Her recent research also found that variants in the desmoplakin (DSP) gene are three times more likely to affect women, potentially putting them at greater risk of dangerous heart rhythms. These discoveries are helping to reshape how clinicians think about heart disease in women and underscore the need for tailored diagnostics and long-term monitoring, especially after pregnancy. 

Dr Tayal is also a passionate advocate for women’s cardiovascular health. She co-leads the Imperial Women’s Cardiovascular Health Network of Excellence, which brings together clinicians, scientists, and patient advocates to raise awareness of sex differences in health and disease and improve access to care for women, and the BHF–NIHR PREG-Heart study, which explores how pregnancy affects long-term heart health. She’s deeply committed to involving patients in research, ensuring that lived experiences guide scientific priorities. 

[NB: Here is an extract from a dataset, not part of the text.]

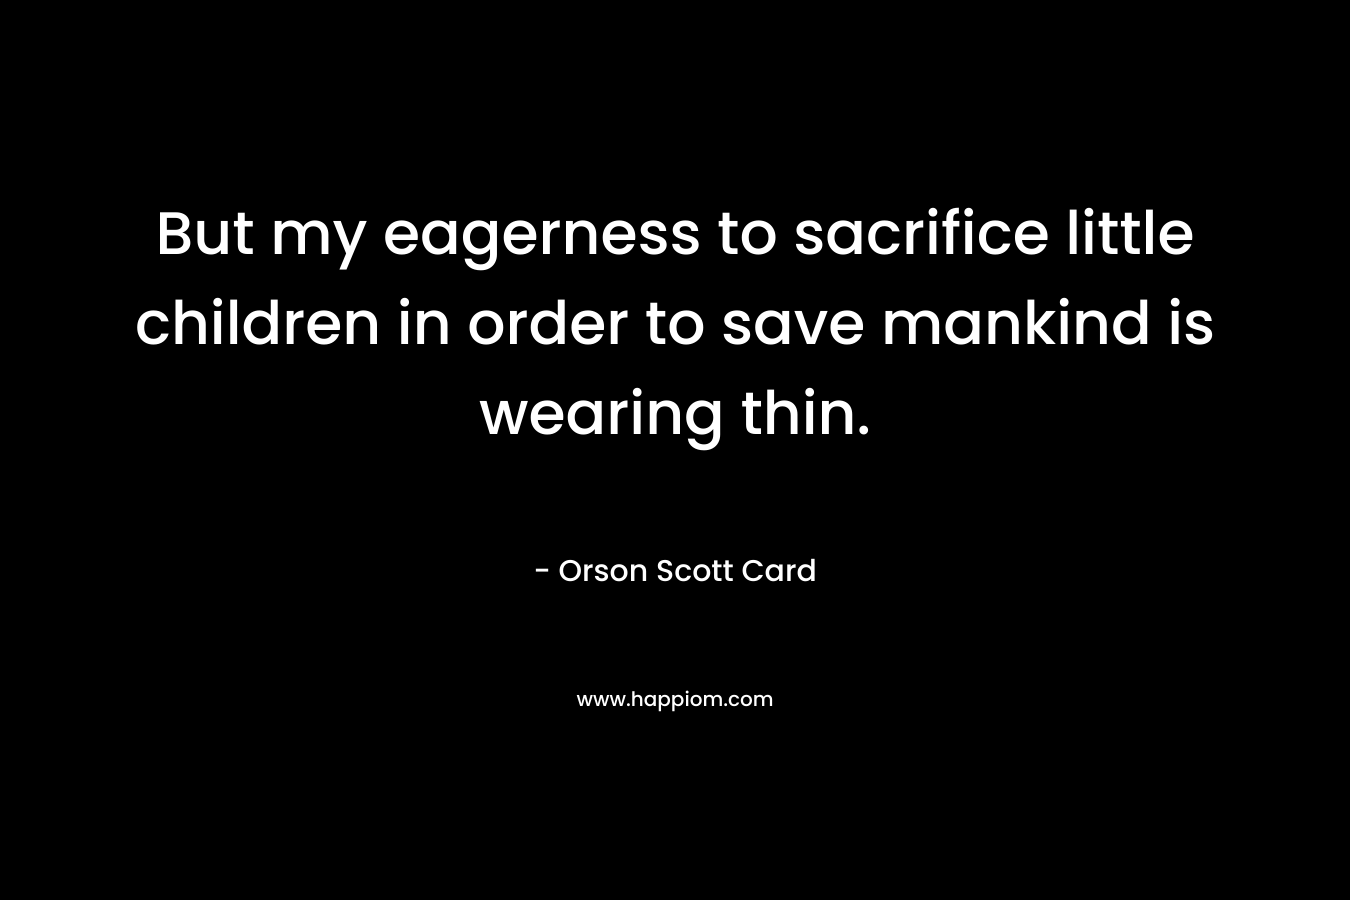 But my eagerness to sacrifice little children in order to save mankind is wearing thin. – Orson Scott Card
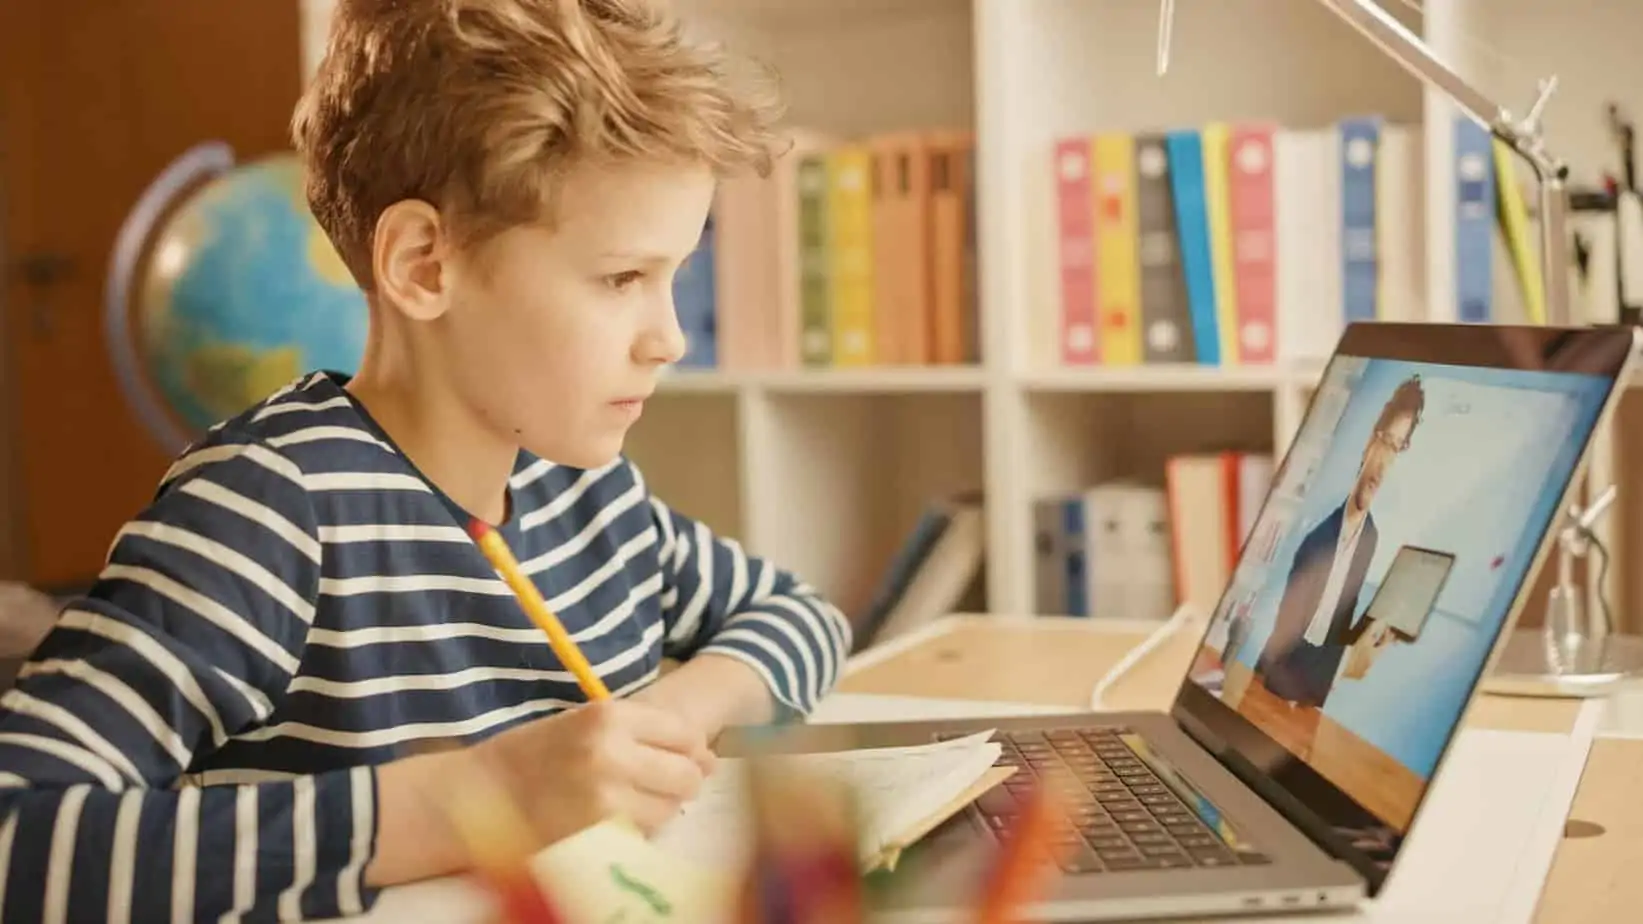 Remote learning or homeschool, what are they and how do they compare. Homeschooling and distance learning are similar, but have an equal amount of differences to consider when making an education choice for your child. 

But she’s also candid about the challenges. “One of the most pressing challenges is the declining number of clinical academics in the UK. Without a strong pipeline of clinicians engaged in research, there is a real risk that progress in translating scientific discoveries into patient benefit will stall.” 

Dr Tayal’s message for World Heart Day is clear and urgent:

She believes that young women need to be better informed. “We all know to check our breasts and attend cervical screenings, but heart health isn’t on the radar, and it should be.” 

Her work is contributing to a future where every patient with cardiomyopathy receives the right care at the right time. “By closing the gaps in diagnosis and treatment, we can improve survival and quality of life for all.”